◆ **Problem**: Output only the lines that run from the line holding "Libreto de la" to the end of the data below, including both ends, without any pictures.

◆ **Dataset excerpt**:
++++
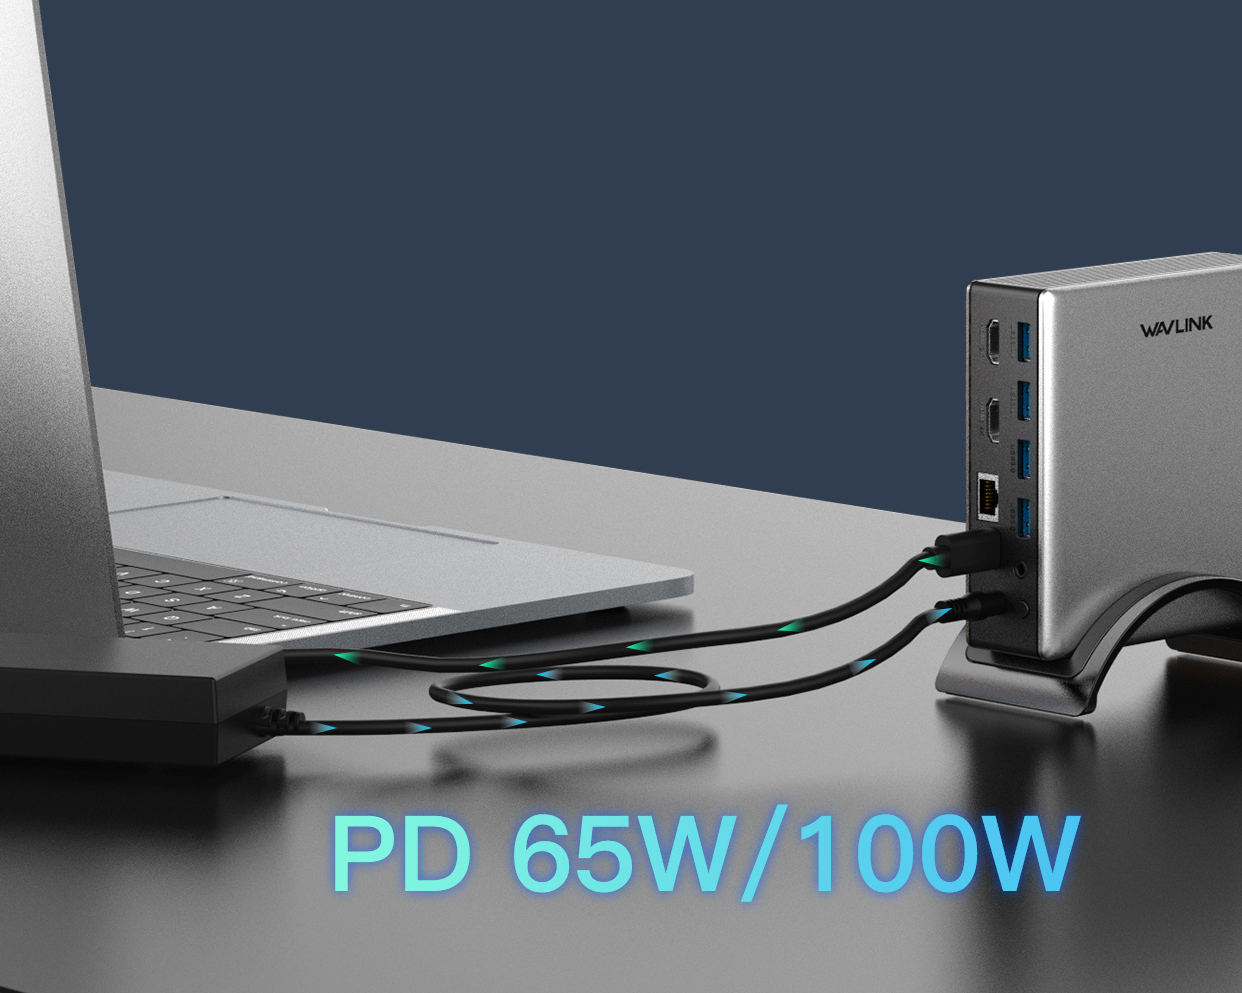 Universal USB-C Docking Station with 65W Power
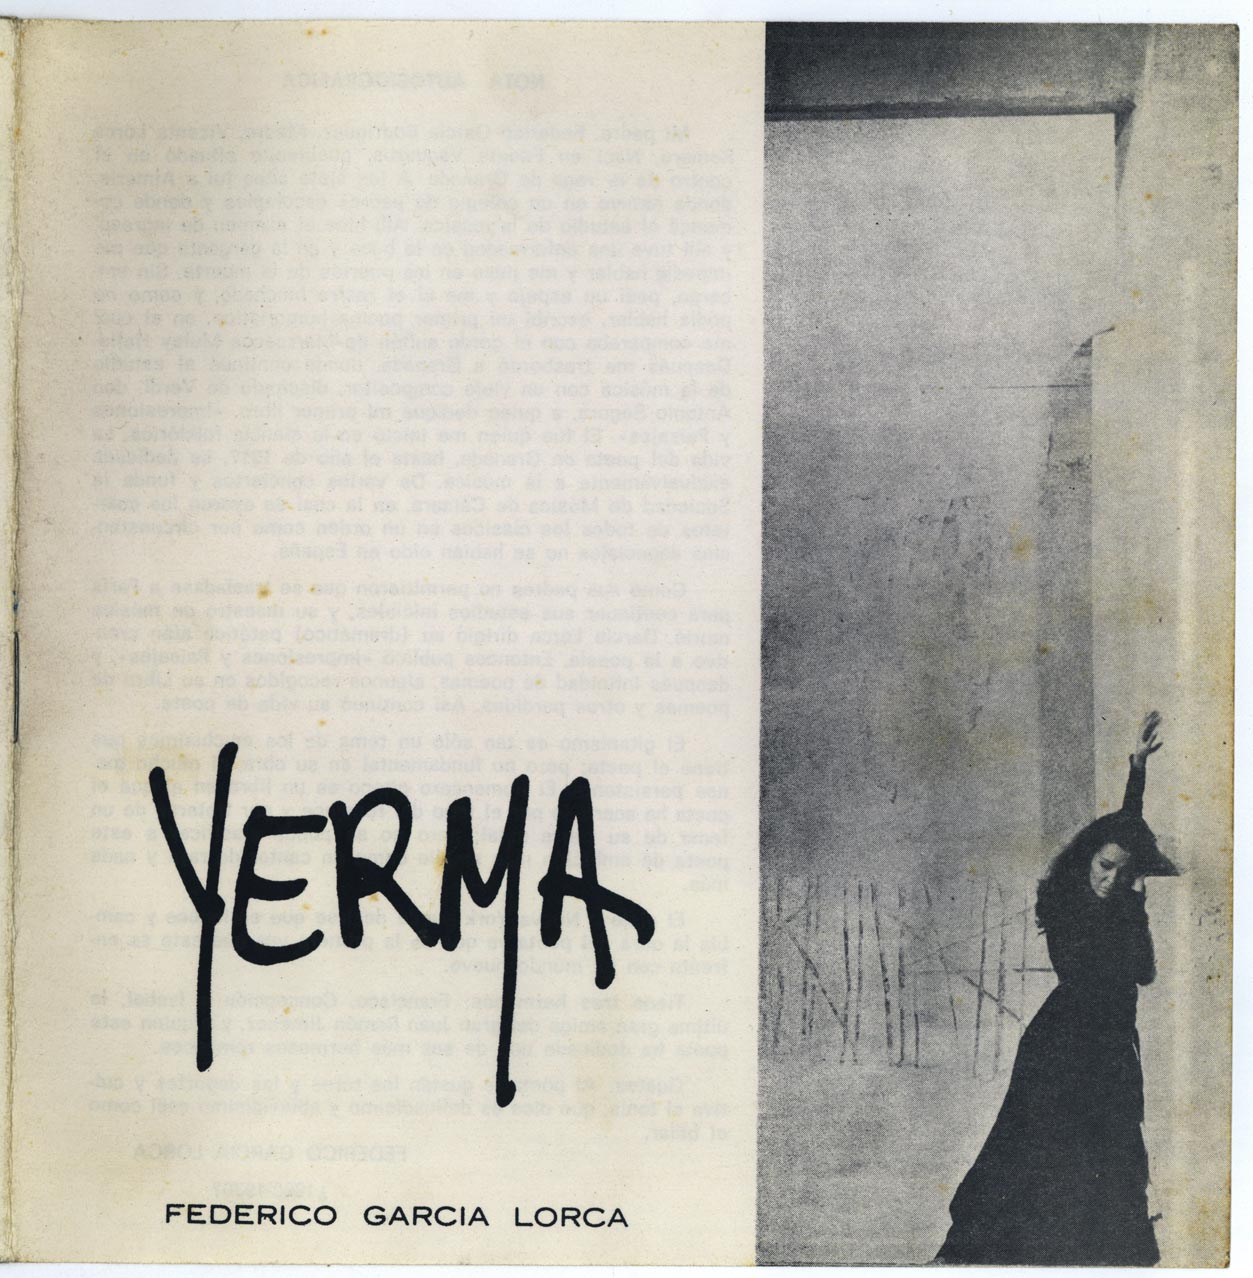 Libreto de la obra Yerma, de Federico García Lorca, representada por El 
Lebrel Blanco en Pamplona.
++++
◆ **Solution for this problem**:
 Libreto de la obra Yerma, de Federico García Lorca, representada por El 
Lebrel Blanco en Pamplona.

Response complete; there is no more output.